India is aiming at generating 175 GW of renewable energy from sources like solar, wind, small hydro and bio-mass by 2022. It requires an investment about USD 200 billion.

Tata said: “The regulation certainly helps in protecting the consumer. At the same time I think what happens in India is that regulation is created in the 1938 or 1945 and does not get upgraded or modernised…to deal with changing times, technologies.

“So I often say that even the Vatican which is very static in terms of rules to change, is willing to look at change… may be regulation need to take that (example).”

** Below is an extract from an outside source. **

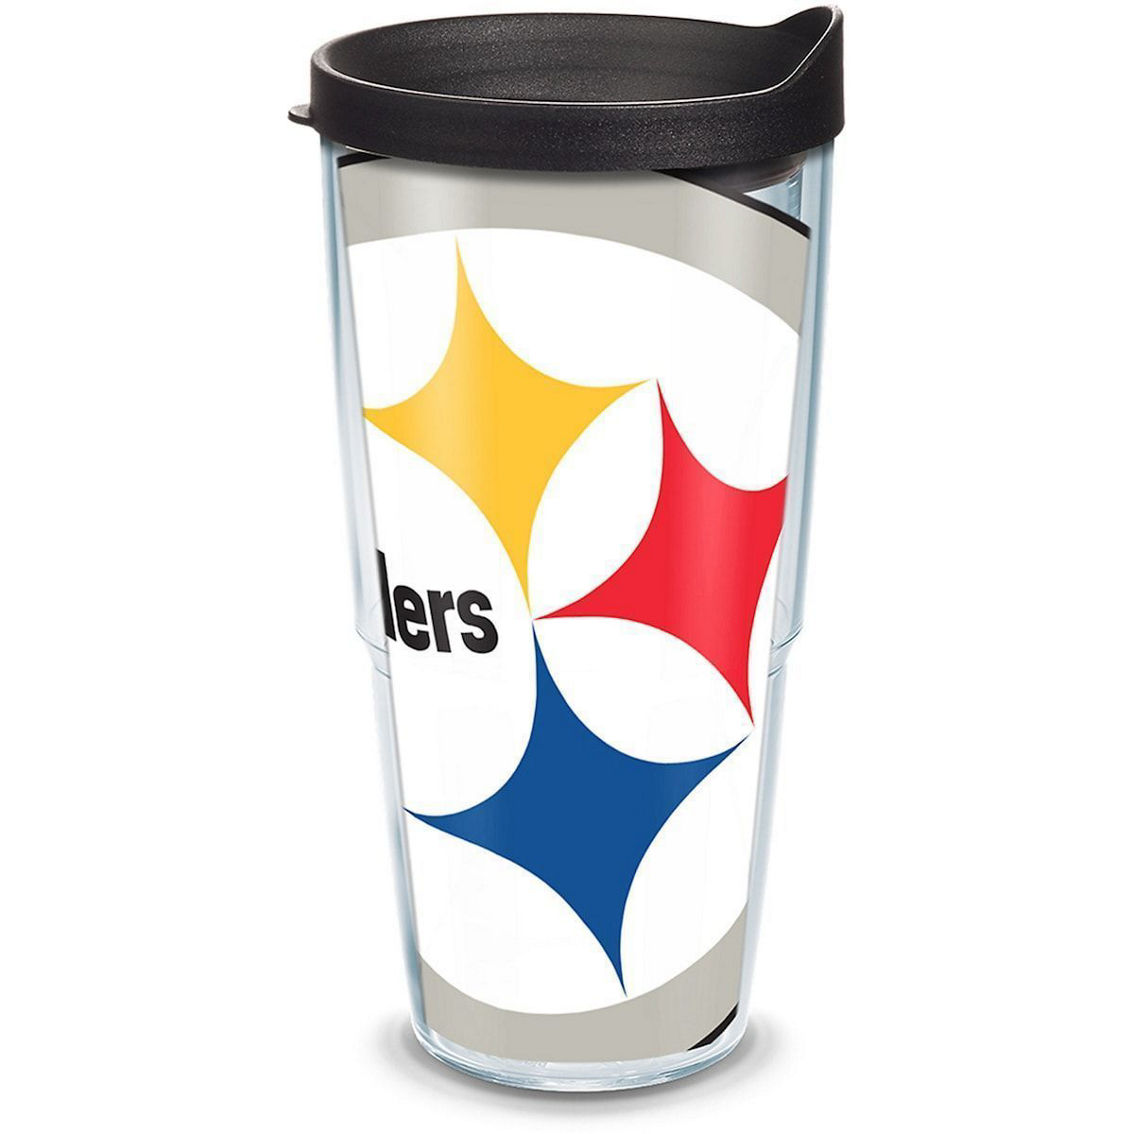 tervis, Kitchen, Tervis Pittsburgh Steelers Cup
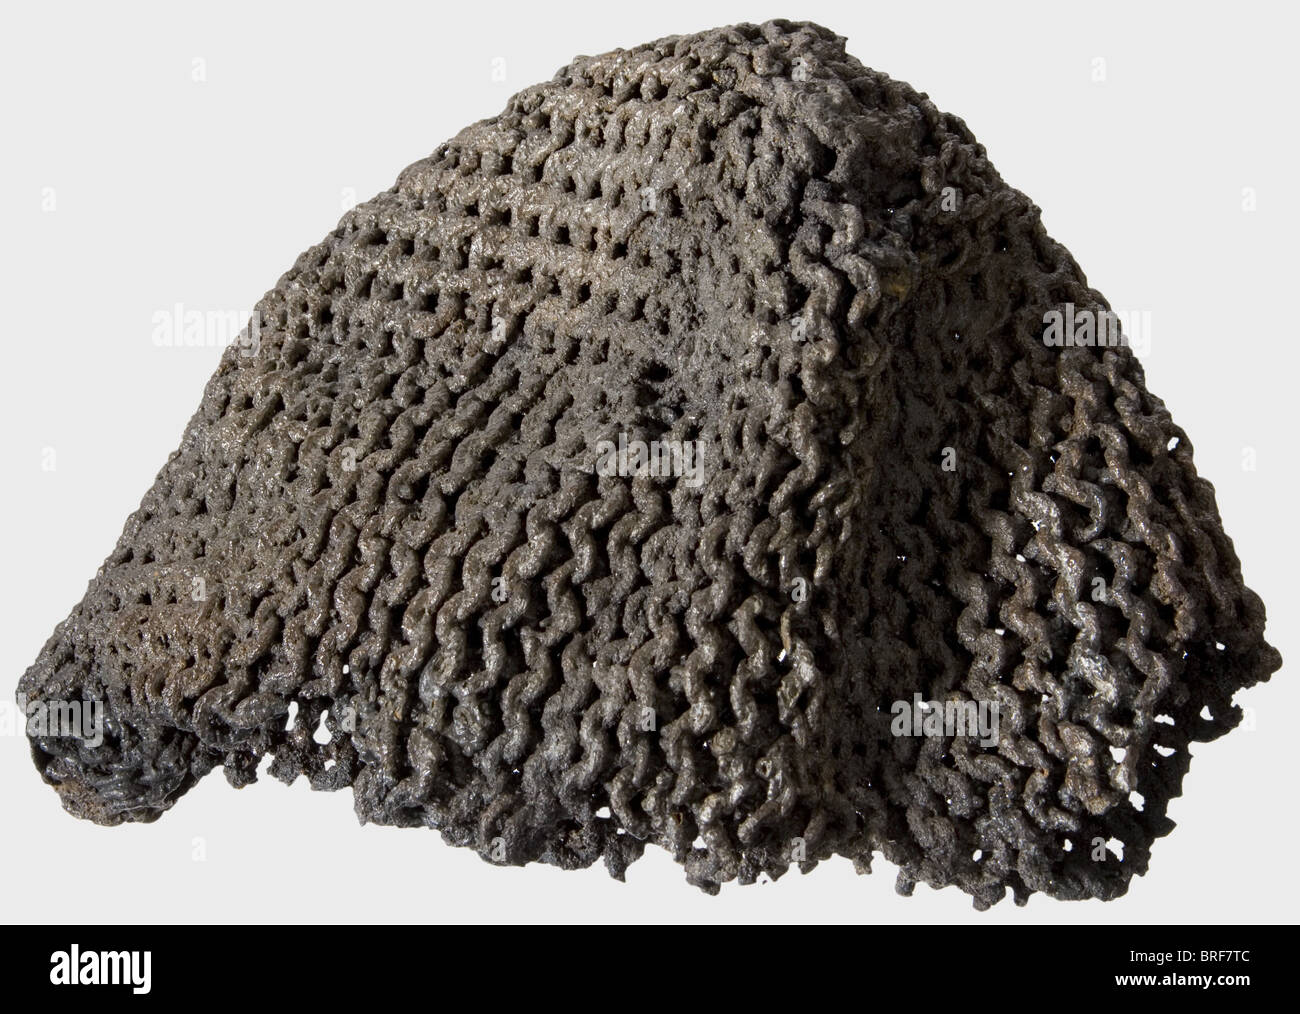 A Mongolian helmet and chain mail coif, Period of the Golden Horde, 14th century,. Made of four embossed, overlapping iron segments riveted together. Obvious damage, especially on the lower rim, and the riveting is loose at the top. Otherwise the metal is quite well preserved. Height 17 cm. Weight 615 g. Conserved condition as discovered. It comes with a fragment of an iron mail coif, solidified with corrosion, cleaned, and conserved. Height 17 cm. Weight 818 g. Cf. two Mongolian helmets of identical provenance: Hermann Historica, auction 49, 19 October 2005, l, Stock Photo

Tata also expressed concern about treating capability of private sector, particularly startups, as secondary over the public sector as India followed the Soviet Model for a long time, when PSUs produce almost everything.

“Their capabilities should not be considered secondary to them (public sector). Some of that mind set still remains. It continues to be in some quarters. The country has a private sector. Country has new sector that is start-up sector. But that is limited to some sectors,” he said.

About his interest in startups, Tata said: “After I retired, I thought, I ought to go into an areas of interest to work with young people without the constraint of having conflicting interest because Tatas were in so many sectors. I could not do even private investment at that time.”

Asked about the areas of his interest in startups, he said: “There are no patterns or sector. It is purely intuitive. It is my own personal funds. There is a lot of interest in the media. But it is my money and I am putting it on risk.”

On the effect of the slump in oil prices in international on green energy initiatives, he said, “It is cyclic. It happens. But energy efficiency is confined to generation but consumption also like in the case of LED bulbs and efficient cars. It is holistic challenge.”

On the differential (subsidised) prices of green technologies for countries like India, he said: “You have be fair with all when go to market as a commercial company.”